My German Shepherd was classed as the runt..There were 3 bitches left and 2 dogs,but she was dark in colour and that was what I wanted...so I had her she was half the size...but with good food and loads of love.she is something 
I would never change.I love her to bits...and she is big for her age now....


----------



## tashi (Dec 5, 2007)

Only you can decide there is normally always one smaller one in a litter we sold one and he was nicknamed mini cooper cos he was small he is now quite a big boy. You are the only one there to be able to assess whether you think the puppy is healthy and sound if in doubt ask the breeder to take the pup to the vet for a vet health check although only valid for 24 hrs at least your mind will hopefully be at rest, expect to pay the vets fee unless you have a very good breeder!!!!

We no longer refer to them as runts but as the smaller ones it sounds nicer!!!!

good luck with what you decide


----------



## Tory01 (Mar 21, 2008)

It does sound better..to think people used to but them down when they were born.


----------



## Guest (Apr 10, 2008)

BingoHoracek said:


> Its a Bassett Hound and the Breeders say that runts grow up to be well adjusted dogs but hmmmmmmmm (you know what Im thinking)

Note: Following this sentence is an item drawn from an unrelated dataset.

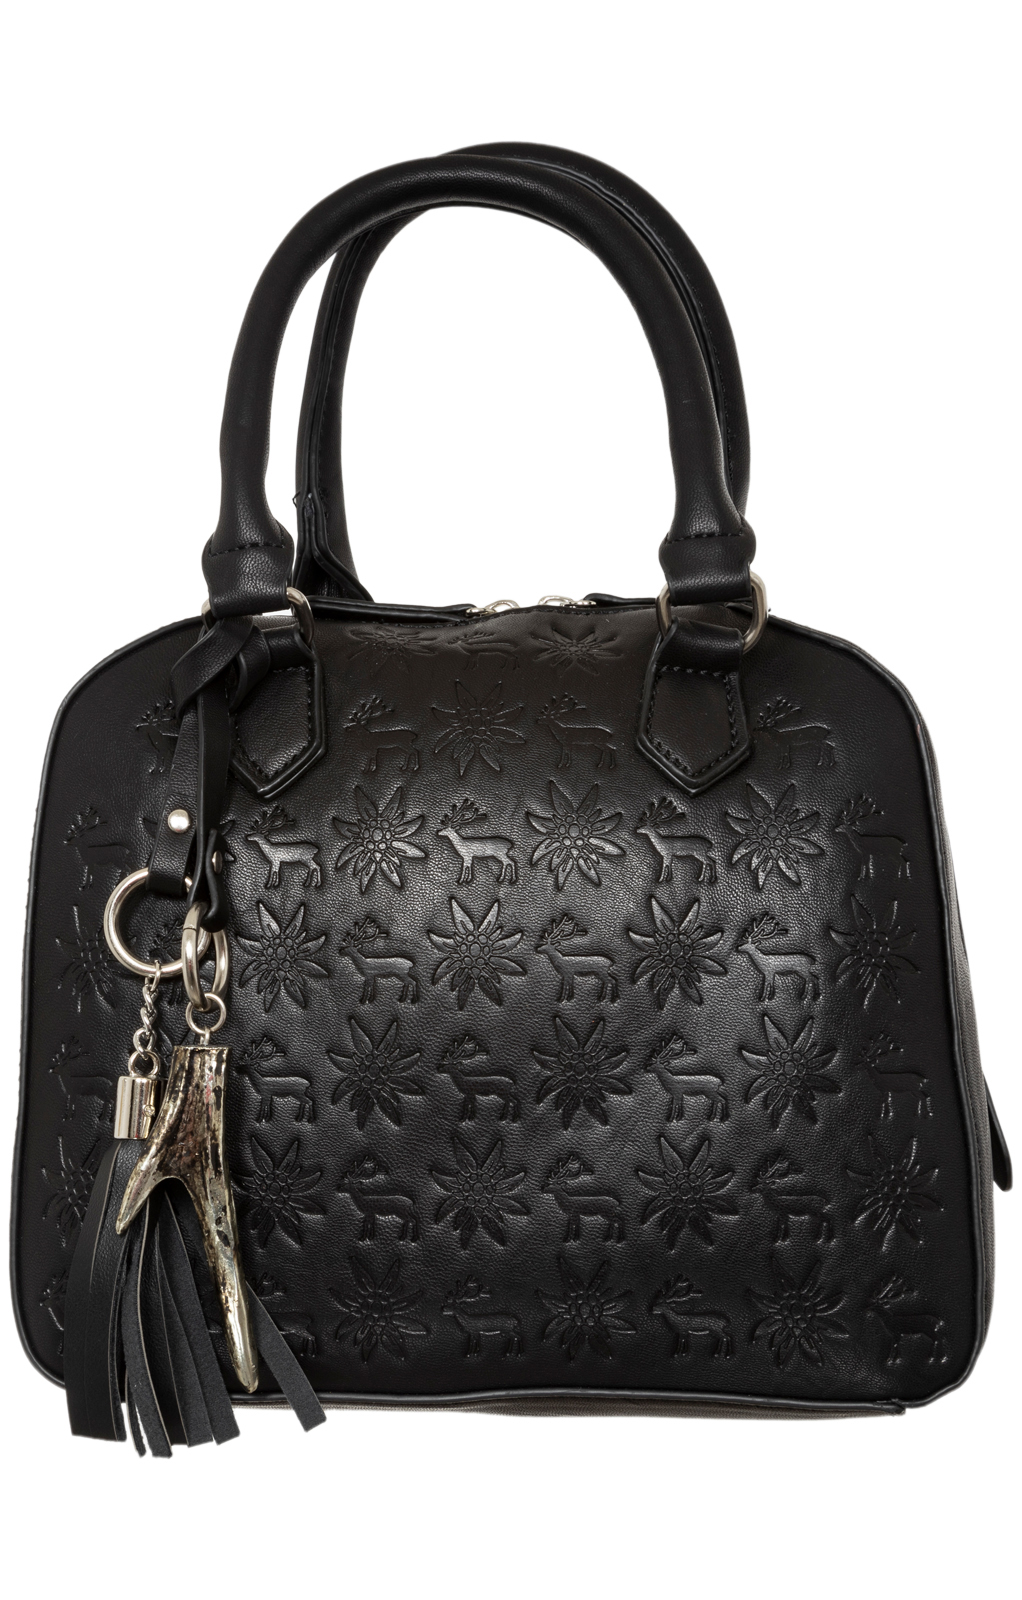 Trachtentasche 13202 schwarz von Lady Edelweiss

In our border collie's last litter, the last puppy of five was born four hours after the rest. (She was actually born on the back seat of the car on the hard shoulder of the M1 on the way to the emergency vet at 3.30 am!). The poor sausage was so weak that my neice had to hold her onto a nipple all the way home, and her sucking reflex was almost non-existent. Once we were home, she was so much smaller and weaker than the other dogs (all boys) that she couldn't get to Evie's nipples, and consequently we spent most of the next 24 hours moving the boys out of the way and putting her back on a nipple. We thought we were going to have to hand rear her, and were even worried that we might lose her, but as she fed her sucking reflex improved and she began to grow stronger, until at the end of the first week she had caught up in strength and size with the boys. She is now happily bossing around her new owners and their 18 month old border collie - she has them all under her paw. So I would agree with your breeders when they say runts can grow up to be well-adjusted dogs.


----------



## rottiesloveragdolls (Nov 2, 2007)

I bought a runt Rottie, you should see her now, she is the size of a small horse, she is tall as well as broad. 
so i think the runts, or smaller ones turn out to be better some times, so long as the little ones health is ok, then i see no reason not to buy it.


----------



## sskmick (Feb 4, 2008)

I took a runt of the a litter on, he was a sick puppy cost me a mint. He was always a weak looking dog but he had a great character. He had a shorter than average life.

I would take the advice of other forum members, check his/her health.

Sue


----------



## catzndogz (Mar 12, 2008)

my first springer pup that mum & dad let me pick for myself was the runt and she grew to be a very health girl who lived till she was 14


----------